Removing mutt's send delay

I originally used mutt's built-in SMTP MTA. However, there is a considerable pause after hitting send. This can be disabled by using an external MTA with set sendmail_wait=-1 in muttrc.

However, if I use msmtp as the MTA, then there is no notification of errors (although msmtp does write to logfile as specified in ~/.msmtprc).

Attempt to get notifications

From the command line, I can trigger a command when msmtp fails.

</tmp/tosend msmtp -a default [email protected] --read-envelope-from || echo failed

Conceivably, I could mail a failure notification to my local *nix mail. However, this doesn't seem to work in mutt, if I set the following in muttrc.

set sendmail = "/usr/bin/msmtp || date >> /tmp/msmtp.fail"

This causes all email to fail to send silently, with the following error in msmtp's logfile.

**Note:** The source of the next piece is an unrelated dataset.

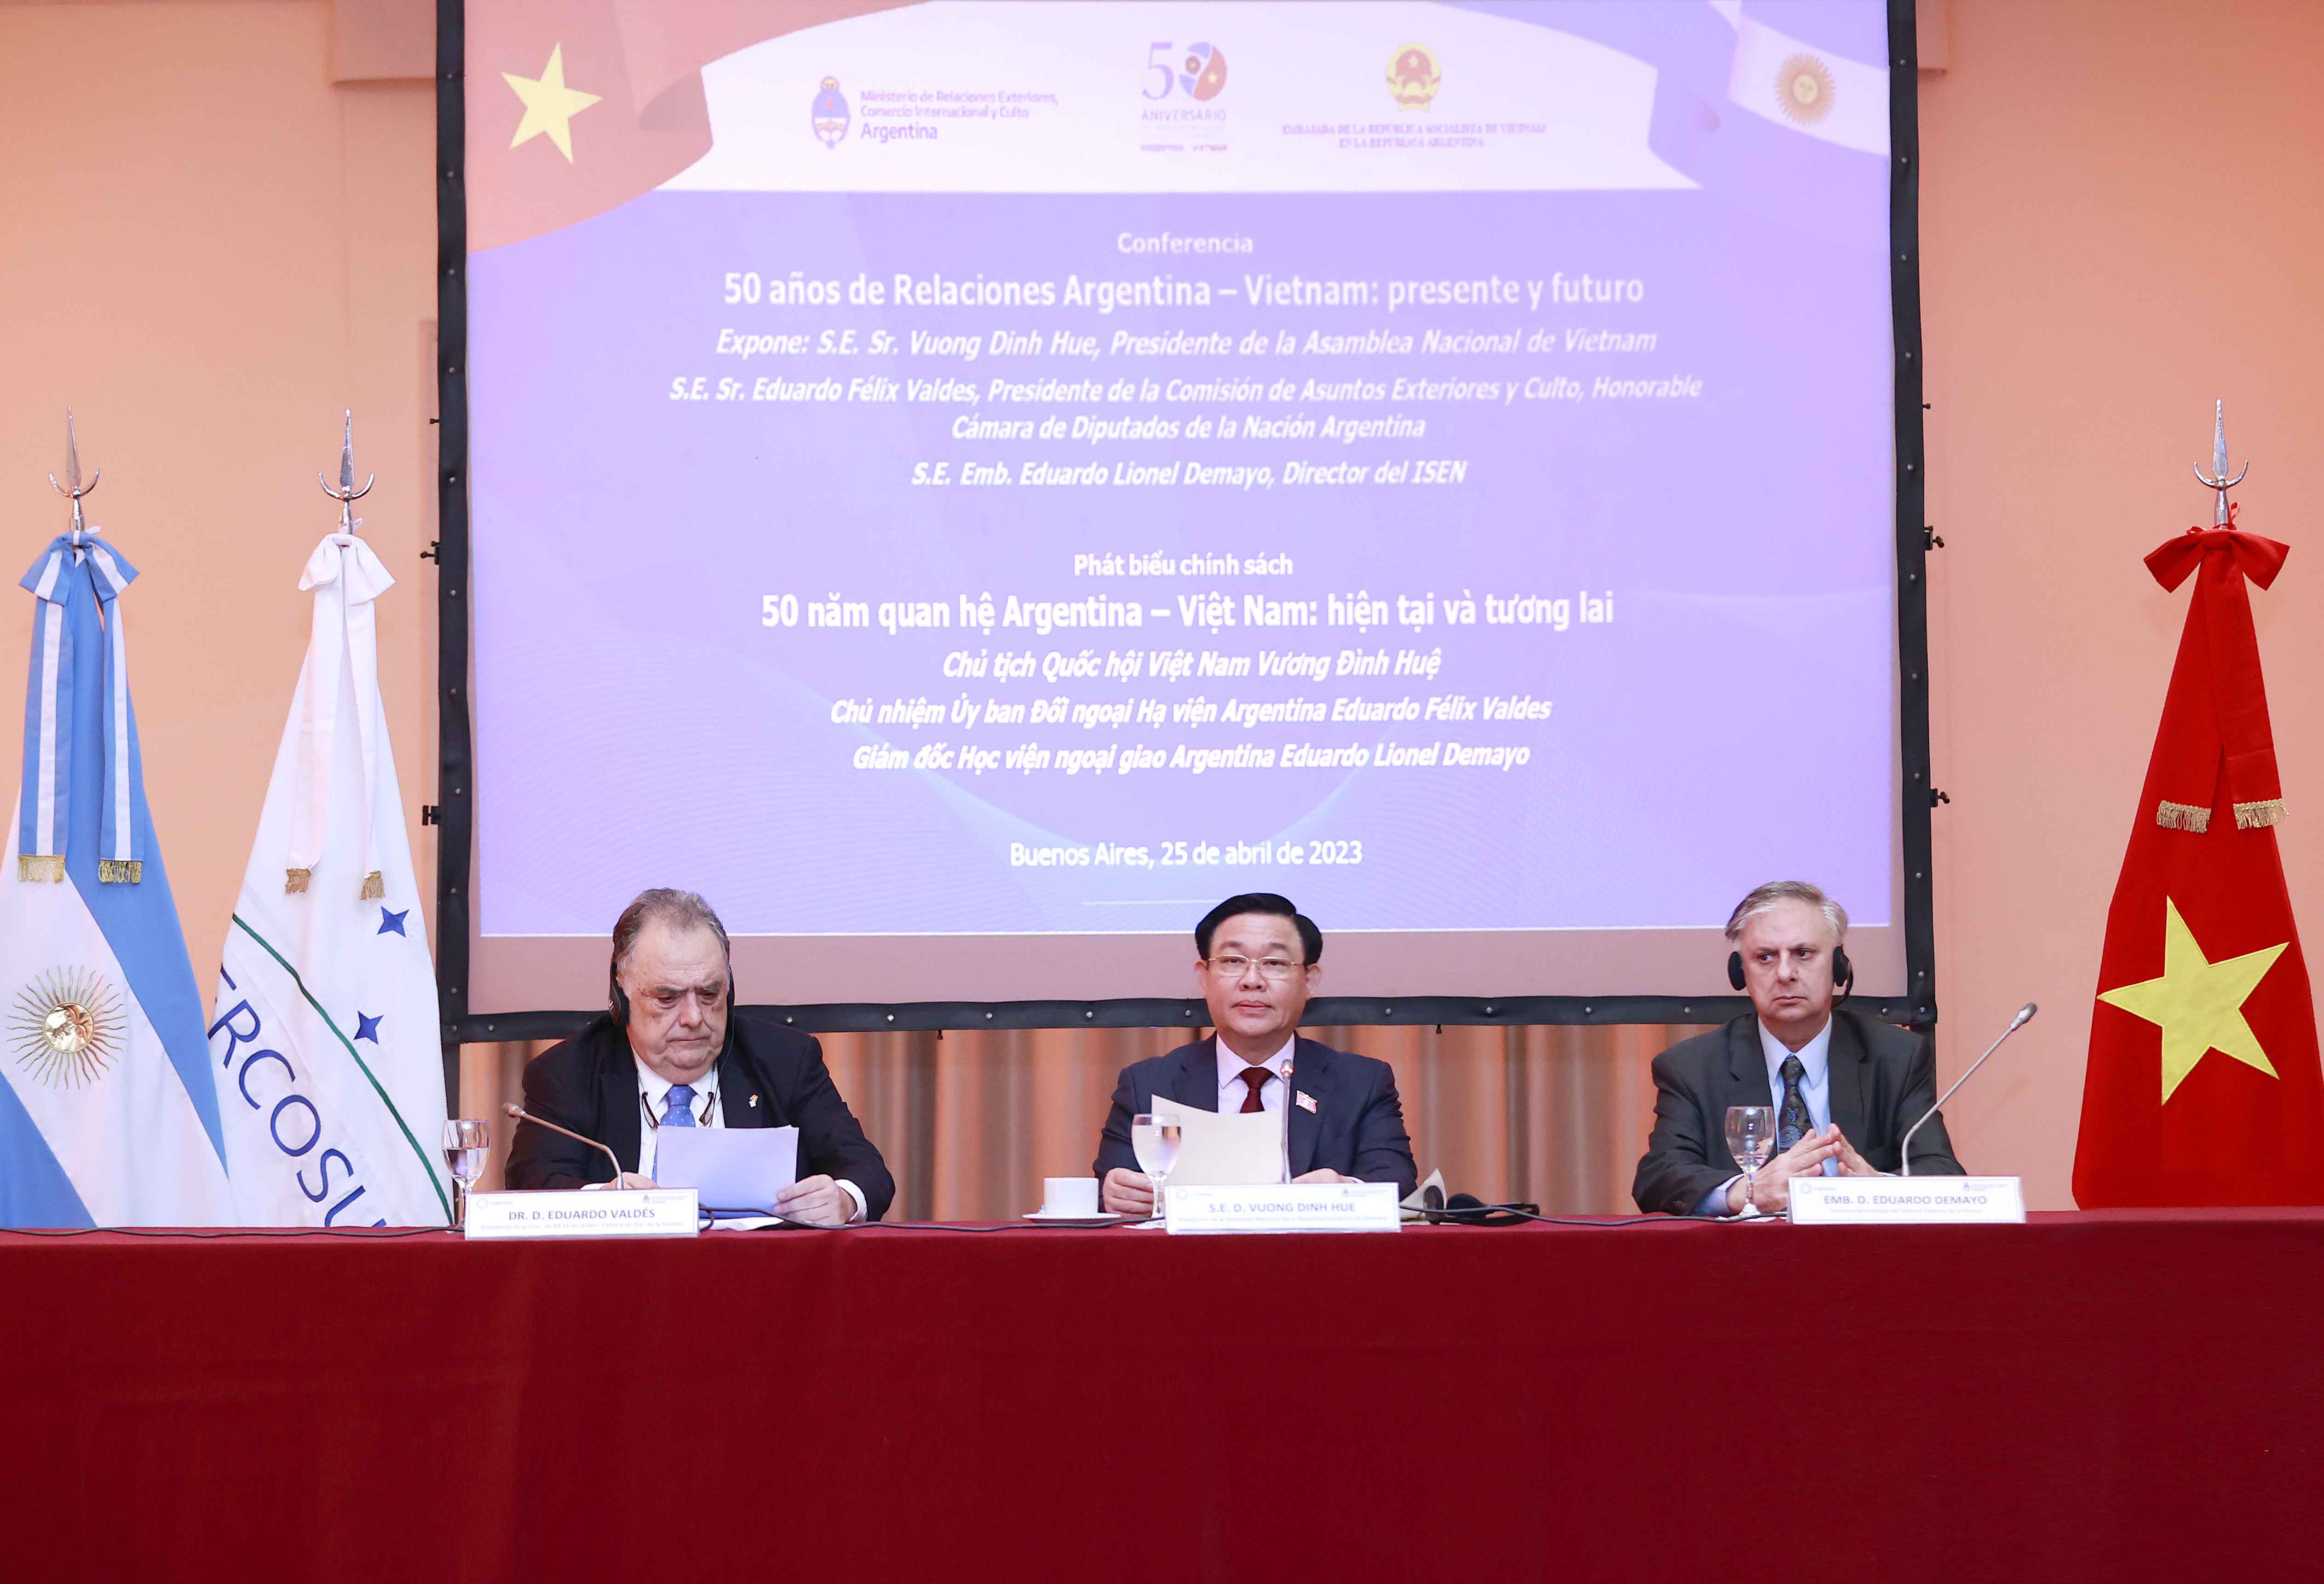 Chủ tịch Quốc hội Vương Đình Huệ phát biểu tại sự kiện kỷ niệm “50 năm quan hệ Việt Nam - Argentina: Hiện tại và tương lai”.

Nov 05 10:53:09 host=mail.bar.com tls=on auth=on [email protected] [email protected] recipients=||,date,>>,/tmp/msmtp.fail,[email protected] smtpstatus=501 smtpmsg='501 #5.1.1 bad address ' errormsg='recipient address >> not accepted by the server' exitcode=EX_DATAERR

Obviously, mutt is parsing the extra parts of the command as recipients.

Question

Is there a way to get notifications of sent emails that fail, while sending in the background? I'm not tied to msmtp necessarily.

3 Answers 3

4

Write yourself a tiny shell script to use as a "sendmail" value. Eg configure ~/.muttrc with

set sendmail = /home/yourid/bin/mymuttsendmail

and in mymuttsendmail put something like

#!/bin/bash
tmp=$(mktemp /tmp/mymutt.XXXXXX)
cat >$tmp
( if ! msg=$(msmtp "$@" <$tmp 2>&1)
  then zenity --error --text "$msg"
  fi 
  rm $tmp
) &
exit 0

and chmod +x this file. Remember this script will be called with the recipients as extra args, which we pass to msmtp with "$@", and the mail will be on stdin, which we copy immediately into a temporary file to then give to msmtp. Any error messages are captured in variable msg and if the return code is a failure you can run a popup dialog like zenity, for example.

5
  • Interesting solution! (+1) However, I feel like exim may be more robust, so I'll persist with working that out. I'll revisit your answer if I give up with exim.
    – Sparhawk
    Commented Nov 8, 2015 at 22:46
  • Hmm, this doesn't seem to work. The sent mail is severely garbled. It seems to strip off most headers, and the body is absent. I retried with vanilla msmtp as $sendmail, and that worked fine.
    – Sparhawk
    Commented Nov 11, 2015 at 6:04
  • I think I know what might be happening. I've edited the script to capture the mail first into a temporary file, then run msmtp in the background.
    – meuh
    Commented Nov 11, 2015 at 7:24
  • Thanks, this works perfectly now. (I suppose that was related to the "open attachment in external program" issue, where the file was deleted/truncated before fully opening?)
    – Sparhawk
    Commented Nov 12, 2015 at 9:57
  • 1
    Yes, I was being a bit naive in assuming the file behind stdin would be left intact by mutt when, as it sees it, the sending process has ended.
    – meuh
    Commented Nov 12, 2015 at 10:03
1

Have you considered using a better nullmailer, msmtp is about as minimalist as it gets? or even a full MTA like exim or postfix (they're not very difficult to configure)?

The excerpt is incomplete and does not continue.